From youth pastor to the oil field

Mark Fraser was a youth pastor. He had always wanted to be a youth pastor, and he had always been a youth pastor. But around a year ago he began to think that a change was needed. What happens when something you’ve worked your whole life for and have been passionate about no longer fits with your life and family? When you are not just changing careers but changing ways of life? For Mark Fraser, this was his reality nine months ago, as he left his position as youth pastor at Westside Community Church in the small town of Fairview, Alberta, to a very different career in the oil patch.

Art by Rebecca Duce.
Art by Rebecca Duce.

Fraser had been a youth pastor for 12 years, seven in Edmonton and five in Fairview. He still liked what he was doing, and felt that he was living his dream. But as he got older he started to consider a change. “I got into my early 30s, had two young kids, and was just finding that I did not have the energy to do the job with the same zeal and passion,” Fraser said. “The thing with youth work is that every year I get older, but the kids stay the same age. I am always pastoring kids from grade seven to 12, so you are always growing a bit more out of touch.” There was no huge life crises, he did not have a desire to leave the church, but he was simply presented with an opportunity – one that was right for him to take.

 “My older brother Jay has a company that does oilfield pipeline and facility construction called Purefab Limited,” Fraser explained. His brother’s company was originally just sub-contracting its work, but when he launched his own company, a need arose for someone to be in charge of the safety and procedures. He approached Mark over a year ago suggesting that he might have a job opportunity. “This job involves a lot of personal interactions, which is partly why my brother thought it would be a good fit for me,” Fraser said.

“It provided a great opportunity to stay in the community that I was in and my family could stay where our roots were planted.
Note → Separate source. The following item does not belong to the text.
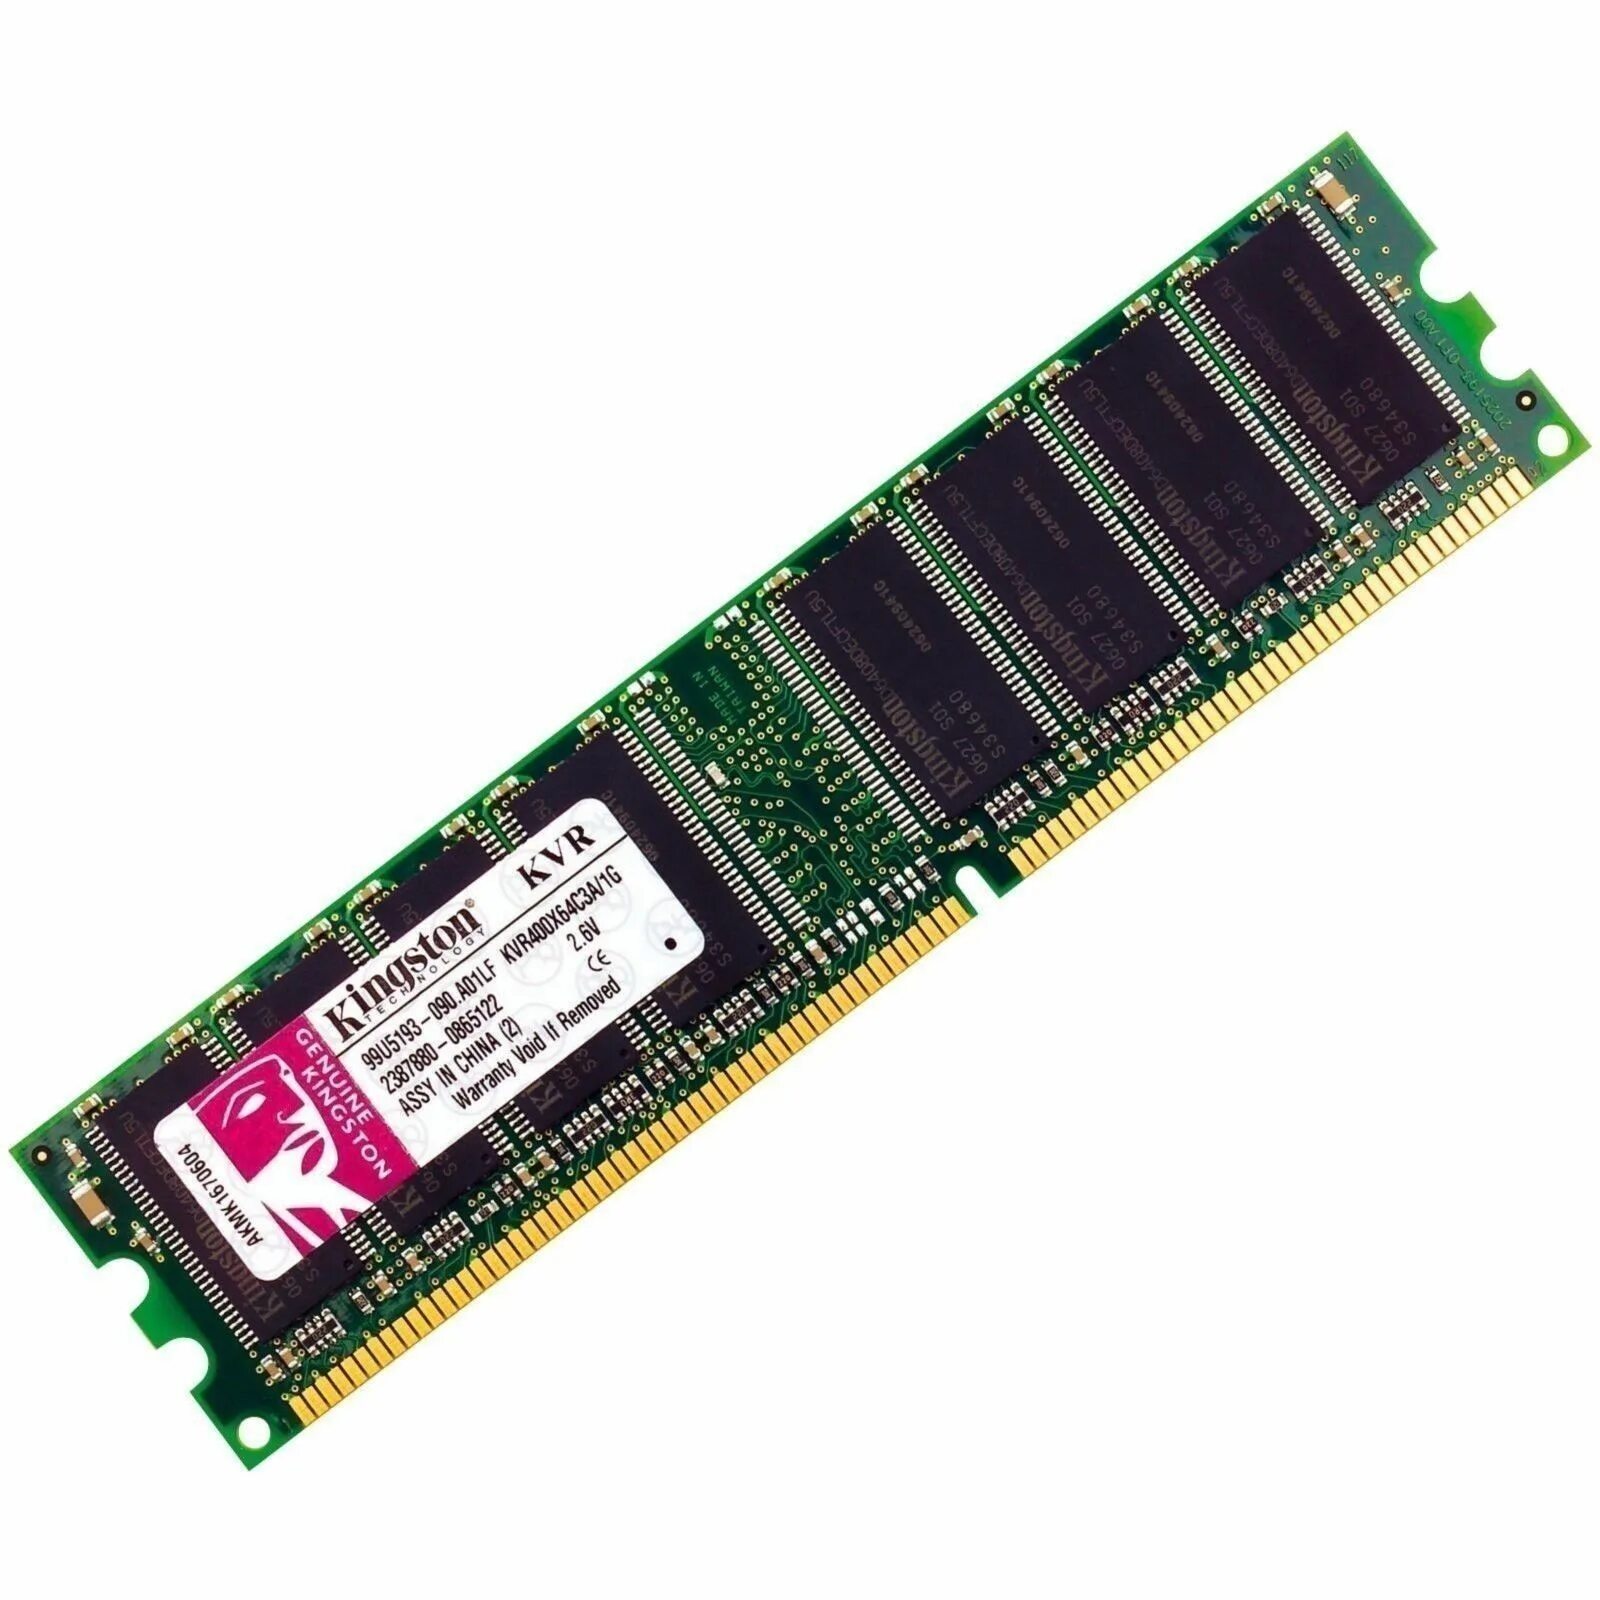 Kingston kvr400x64c3a/1g. Kvr400x64c3a/1g. Оперативная память DDR 400 MHZ. Оперативная память 1 ГБ 1 шт. Kingmax DDR 400 so-DIMM 1 GB.

I wouldn’t have to move like I would if I became an associate pastor or something at a different church,” Fraser said. Fraser discussed it with his wife, and eventually they realized it was the best decision for him to make.

While Fraser did have a steep learning curve, he was able to quickly adapt, and after nine months now feels like he has a good grasp on the job. But adversity and obstacles still existed. They came in the way that people treated him based on the opinions they had of him as a former pastor.

“At first, lots of people would come to me and say, ‘Oh, how it is working a real job now? It must be nice to get some good money hey?’ But they don’t realize that I was working a real job, and it was not easy,” Fraser said. “Everybody thinks it was about the money, but it was never about that. I don’t want people thinking I made the transition for the money.”

He had a hard time getting used to the fact that people judged him so quickly by his career and job. “A job doesn’t make the person. Just because I was a pastor and believed those things, doesn’t mean that I no longer believe the same things now that I have a different job,” Fraser reasoned. Fraser says it has been tough watching certain people hope for him to slip up and lose his cool. They want to be able to prove that he is a phony, but Fraser makes sure that his coworkers can see that his faith is real.

“People might think I don’t do certain things because I’m a pastor, because I have to, and since now that I don’t have the same public accountability, I make sure to choose not to do certain things. Not because of my job, but because I want to be true to myself, and the person I want to be, and that I want my kids to see and coworkers to see,” Fraser said.

In some ways, Fraser’s life has changed a ton, but he is still the same guy, and his family keeps on living life the same way. “I want people to see that it’s possible to be a practicing Christian in the oil patch. You can change careers, but still be a man of virtue and work in a place with different morals and values without them influencing you,” Fraser said.

He does not know what the future holds. He could see himself staying in this role until he retires, or someday going back to the church. He is proud of himself. A career change is never easy. But no matter what happens or whatever career he finds himself in, Fraser just wants to be himself: a man of God, living a life of virtue, and sharing a message of encouragement and love for all who need it.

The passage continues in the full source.